Um dos mais famosos hóspedes do lugar foi Lima Barreto, que lá escreveu “O Cemitério dos Vivos”. Em 1938, os doentes foram transferidos da Urca para o Centro Psiquiátrico do Engenho de Dentro, antiga Colônia de Alienadas. O complexo, abandonado e em ruínas, foi doado para a Universidade do Brasil, que, em 1948, iniciou um processo de restauração.
A Praia Vermelha é muito bonita como bonito é o cenário natural daquela bela cidade. Mas o cenário da capela está desolador segundo as fotos que foram trazidas na imprensa. Parece um prédio em rescaldo.
A capela é parte do complexo arquitetônico inaugurado em 1852 por dom Pedro 2º, incorporado à Universidade do Brasil (depois UFRJ) em 1944 e, desde então, sob a proteção do Iphan (Instituto do Patrimônio Histórico e Artístico Nacional). O Iphan pertence ao Ministério da Cultura. Mas, seja parte de um ministério ou secretaria, faltam ao Iphan recursos para bem cumprir sua finalidade: ajudar a preservar o patrimônio cultural brasileiro.
Entre outras unidades da UFRJ implorando por reformas estão o Museu Nacional, que completa 200 anos em 2018(ali está o acervo da nossa história desde o descobrimento até a proclamação da República); o prédio do Instituto de Filosofia e Ciências Sociais (IFCS), no Largo de São Francisco, erguido em 1812 para abrigar a Academia Real Militar, berço da engenharia brasileira; e o da Escola Nacional de Música, no Passeio, ainda no Rio de Janeiro, fechado por falta de… ar condicionado. A isso se somam noticias de museus infestados de goteiras, bibliotecas que não servem para conservar obras preciosas. Noticia-se que o Museu do Ipiranga, em São Paulo, que simboliza a independência do Brasil, está fechado para o público ate 2022.
Isso é dos elementos mais importantes da Cultura: a preservação de sua história, pois país sem história é país sem memória.
Mas havia dinheiro na cultura para o “boca-livre”.
A Polícia Federal de São Paulo deflagrou no dia 28 de junho do corrente ano a Operação Boca-Livre, que investiga desvio de R$ 180 milhões de recursos federais em projetos culturais aprovados junto ao Ministério da Cultura com benefícios de isenção fiscal, previstos na Lei Rouanet.

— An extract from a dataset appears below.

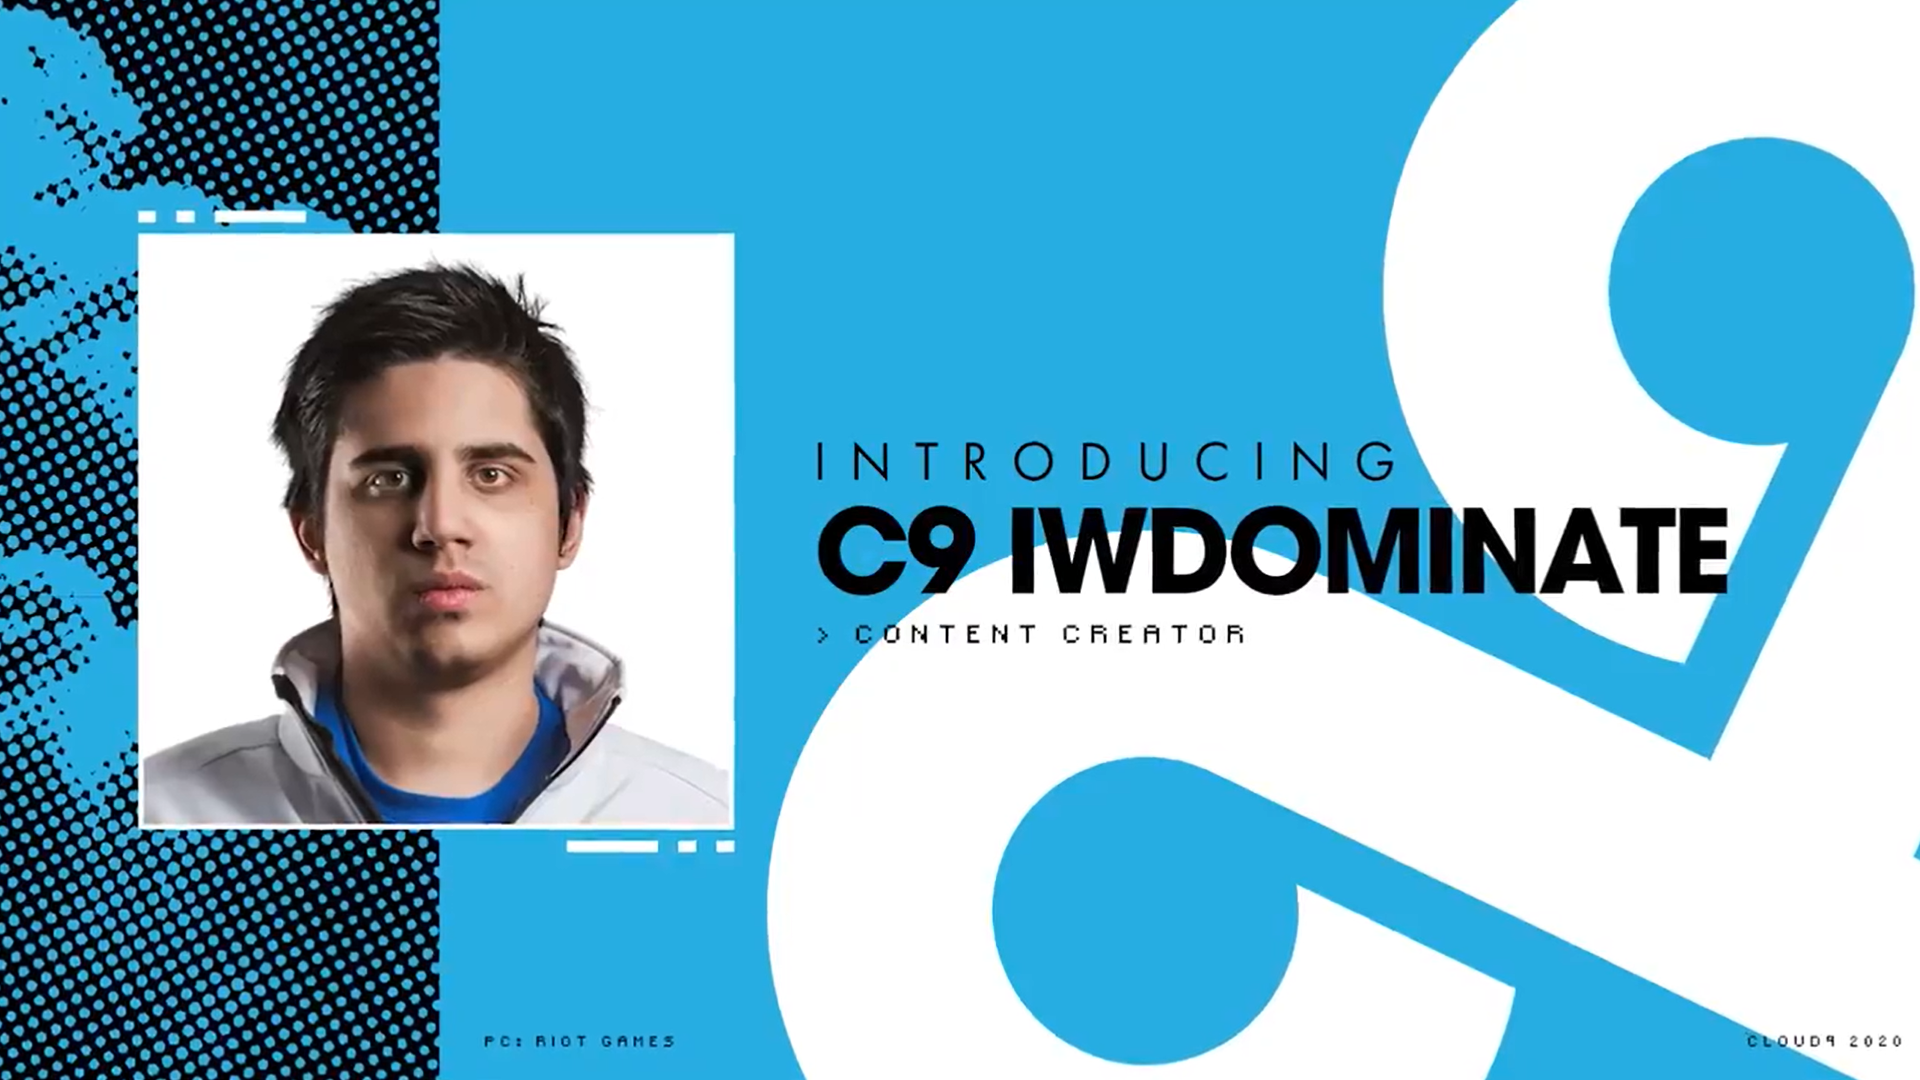 IWillDominate, Cloud9'a yayıncı ve içerik üreticisi olarak katıldı

Policiais federais e servidores da Controladoria Geral da União cumprem 14 mandados de prisão temporária e 37 mandados de busca e apreensão em São Paulo, Rio de Janeiro e no Distrito Federal. Eles foram expedidos pela 3ª Vara Federal Criminal em São Paulo.
Segundo os investigadores da Operação Boca-Livre, armara-se desde 2001 um esquema destinado a obter vantagens dos mecanismos de isenção tributária previstos na legislação de incentivo à cultura.
Segundo a PF, “há indícios de que as fraudes ocorriam de diversas maneiras, como a inexecução de projetos, superfaturamento, apresentação de notas fiscais relativas a serviços/produtos fictícios, projetos simulados e duplicados, além da promoção de contrapartidas ilícitas às incentivadoras”.
A investigação constatou que eventos corporativos, shows com artistas famosos em festas privadas para grandes empresas, livros institucionais e uma festa de casamento foram custeados com recursos públicos.
Uma cerimônia de casamento numa praia em Florianópolis foi financiada com recursos oficialmente destinados a atividades culturais.
O noivo era o herdeiro de um grupo empresarial especializado em conseguir a benesse tributária, com atuação no Ministério da Cultura e na Secretaria da Cultura do Estado de São Paulo.
“O nome Boca-Livre é genial. Vimos nessa madrugada a gravação de um vídeo de um casamento, uma festa boca livre que nós pagamos”, disse o ministro da Justiça Alexandre de Moraes, em coletiva de imprensa na manhã desta terça.
Tudo financiado por isenções de impostos.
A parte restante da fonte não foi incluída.